When Data Handling Alters Physical Interpretation: HVAC’s Missing Evidence Layer

By Greggory Butler

1. The Discovery That Should Stop the Industry

A recent 2026 study published in Energy and AI reveals something the HVAC industry has not formally acknowledged:

The conclusions about thermal comfort are not stable.

Using the same dataset and the same machine learning model, the researchers demonstrated that simply changing how missing data is handled produces materially different interpretations of physical reality.

  • Measured-only data: Ta:MRT ≈ 1.9:1
  • ML with missing data patterns: Ta:MRT ≈ 4.46:1

This represents a 135% shift in variable importance—without any change in the underlying environment.

Source: Guo et al., Energy and AI (2026),
https://www.sciencedirect.com/science/article/pii/S2666546826000352

Let’s be precise about what this means:

The system did not discover different physics.
It produced different conclusions based on data handling.


2. The Illusion of Stability

HVAC has long operated under a foundational assumption:

Better models → better predictions → better decisions

This study demonstrates that assumption is incomplete.

Because:

The conclusions themselves are conditional—not on environmental reality, but on how missing data is treated.

When mean radiant temperature (MRT) is absent:

  • It is often substituted (MRT ≈ Ta), or
  • Left for the algorithm to interpret

This introduces:

  • Artificial correlation
  • Suppressed radiant influence
  • Distorted system behavior

The result is a model that appears consistent, but is not physically anchored.


3. Accuracy Without Truth

One of the most important findings in the study is this:

The most accurate model (lowest error) produced the most misleading interpretation of reality.

This occurs because imputation:

  • Reduces variability
  • Simplifies prediction
  • Collapses distinct physical variables

Which creates:

A system that improves predictive performance
while degrading physical meaning.

This distinction—between accuracy and truth—is not enforced in current HVAC workflows.


4. When AI Learns the Wrong System

The study used LightGBM, a widely adopted machine learning framework.

Like many modern models, it:

  • Treats missing data as signal
  • Routes null values through decision trees
  • Learns patterns from absence

This creates a fundamental misalignment:

The model is learning data collection behavior, not environmental physics.
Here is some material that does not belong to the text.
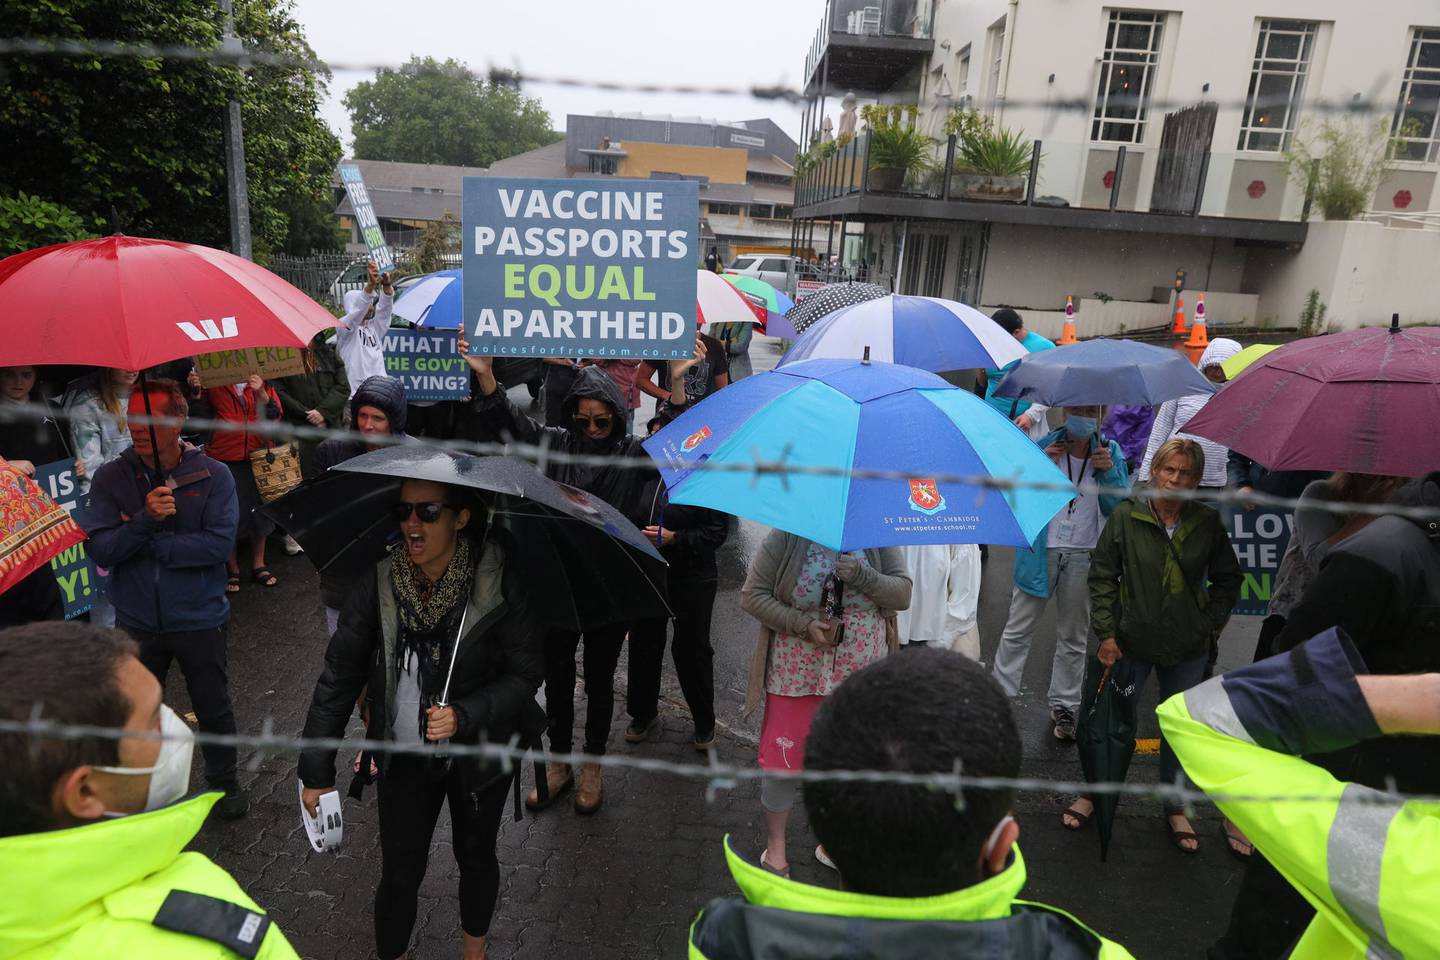 Protesters start chanting outside a sod turning event for the Waikato Regional Theatre in Hamilton CBD today that Prime Minister Jacinda Ardern is attending. Photo / Mike Scott

Because machine learning optimizes aggressively:

  • It reinforces those patterns
  • It amplifies bias
  • It presents artifacts as insight

This is not a failure of AI.

It is a failure of input integrity.


5. The Root Cause: Missing Reality at Origin

The study correctly identifies:

  • Missing data
  • Imputation bias
  • Policy-driven variability

But these are downstream effects.

The upstream failure is this:

The environmental state is not fully captured and preserved at the moment it occurs.

Everything that follows—

  • Imputation
  • Reconstruction
  • Modeling
  • Interpretation

—is an attempt to compensate for that absence.


6. Reconstruction Is Not Observation

Once environmental state is incomplete, two options remain:

  • Fill the gap (impute)
  • Remove the gap (exclude)

Neither restores reality.

Because:

Reconstruction is not measurement.

Yet reconstructed data is routinely treated as equivalent to observed conditions.

This creates a structural condition where:

Reality becomes dependent on data policy.


7. System-Level Consequences

This instability propagates across the built environment:

Radiant Systems

  • Undervalued due to suppressed MRT influence
  • Removed from design consideration

Energy Modeling

  • Overemphasis on air temperature
  • Underestimation of radiant efficiency

Control Systems

  • Built on incomplete environmental state
  • Reinforce distorted assumptions

AI Systems

  • Learn from missingness
  • Optimize around artifacts
  • Scale flawed interpretations

8. The Wrong Question

The industry continues to ask:

“Which model is better?”

This assumes the inputs are valid.

This study shows they are not.

If:

  • Environmental state is incomplete
  • Data is reconstructed
  • Context is not preserved

Then:

No model—regardless of sophistication—can produce stable truth.


9. The Right Question

The correct question is:

“How is the environmental state being proven at the moment of capture?”

Because without that:

  • Outputs are conditional
  • Interpretations are unstable
  • Decisions are not defensible

They are simply:

A function of data handling policy.


10. The Missing Layer: Evidence Governance

What this study reveals—without explicitly naming—is the absence of a governing layer.

Not:

  • Better models
  • More data
  • Increased transparency

But:

A system that enforces admissible environmental evidence before interpretation

Such a system requires:

  • Capture at origin (no reconstruction)
  • Continuous environmental recording
  • Time-sequenced, append-only records
  • Separation of observation from interpretation

And most critically:

No decision without a complete, admissible state.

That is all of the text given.